MATERIAL FOR THE TASK below:

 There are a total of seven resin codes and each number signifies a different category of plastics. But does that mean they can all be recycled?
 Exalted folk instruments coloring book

End of MATERIAL FOR THE TASK.
MATERIAL FOR THE TASK below:

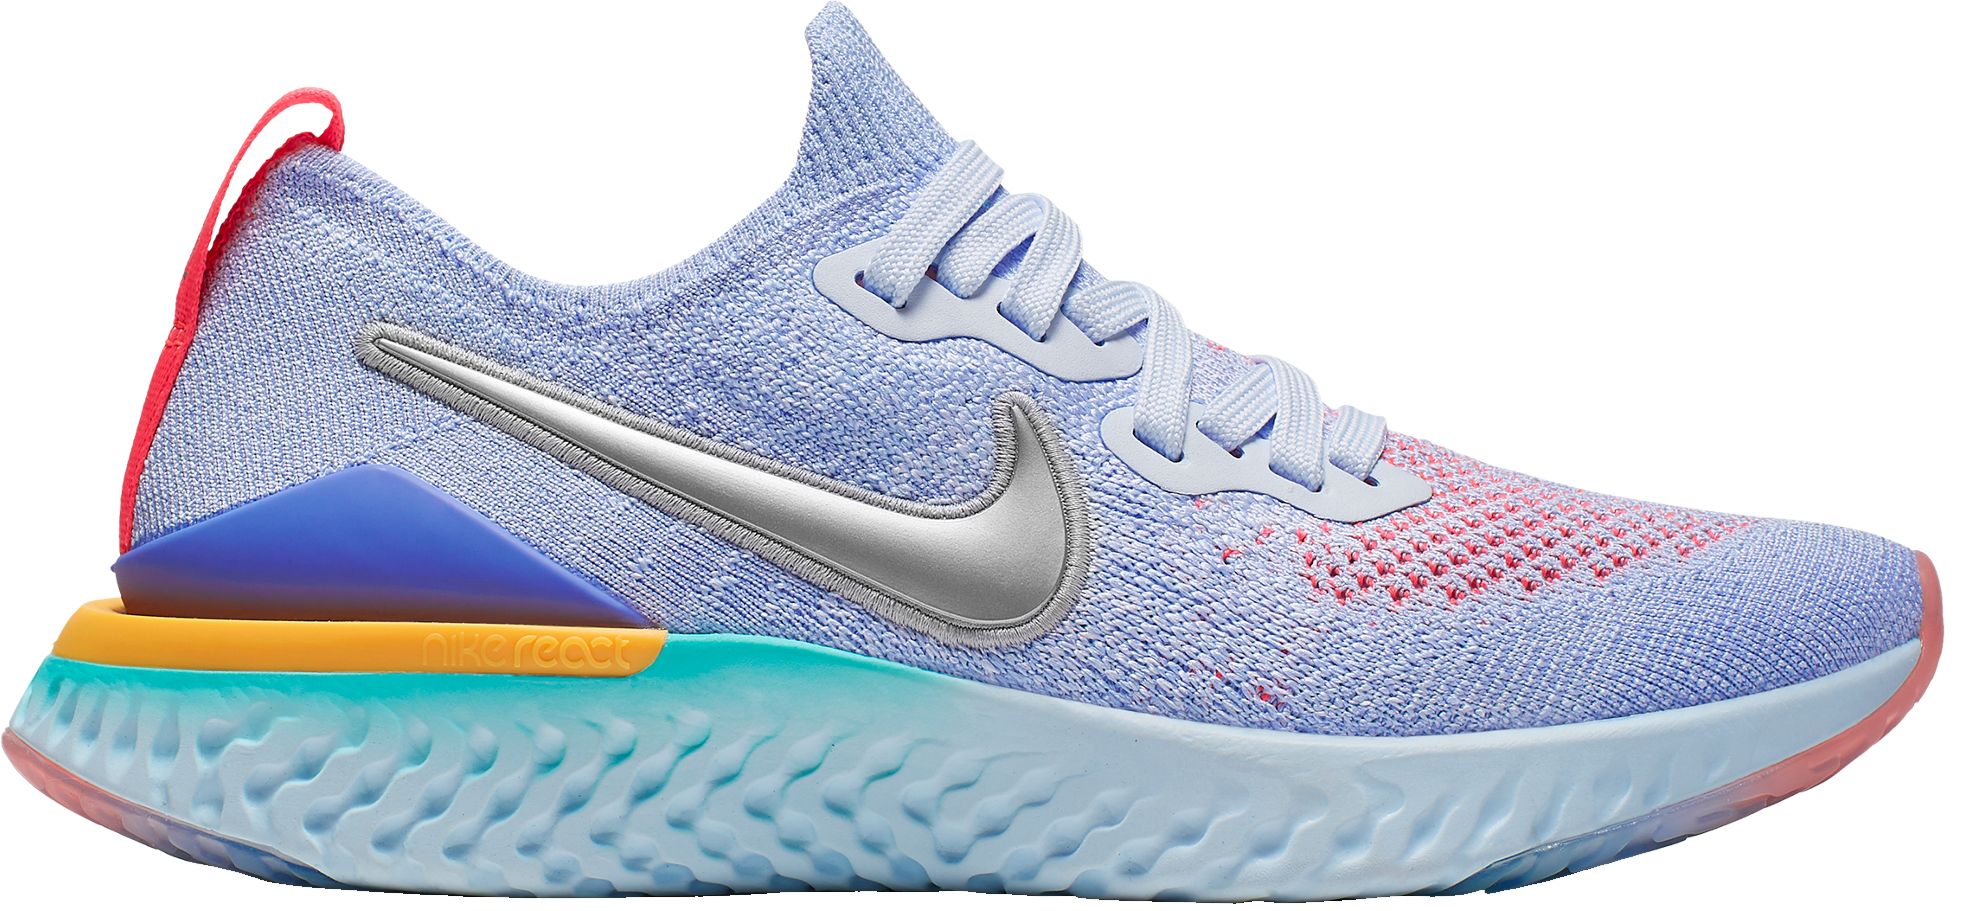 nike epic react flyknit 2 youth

End of MATERIAL FOR THE TASK.

Where the data above reaches the line holding "There are a", begin printing, and stop after the line holding "Exalted folk instruments coloring book". Each line must be reproduced exactly, with nothing else added.

 There are a total of seven resin codes and each number signifies a different category of plastics. But does that mean they can all be recycled?
 Exalted folk instruments coloring book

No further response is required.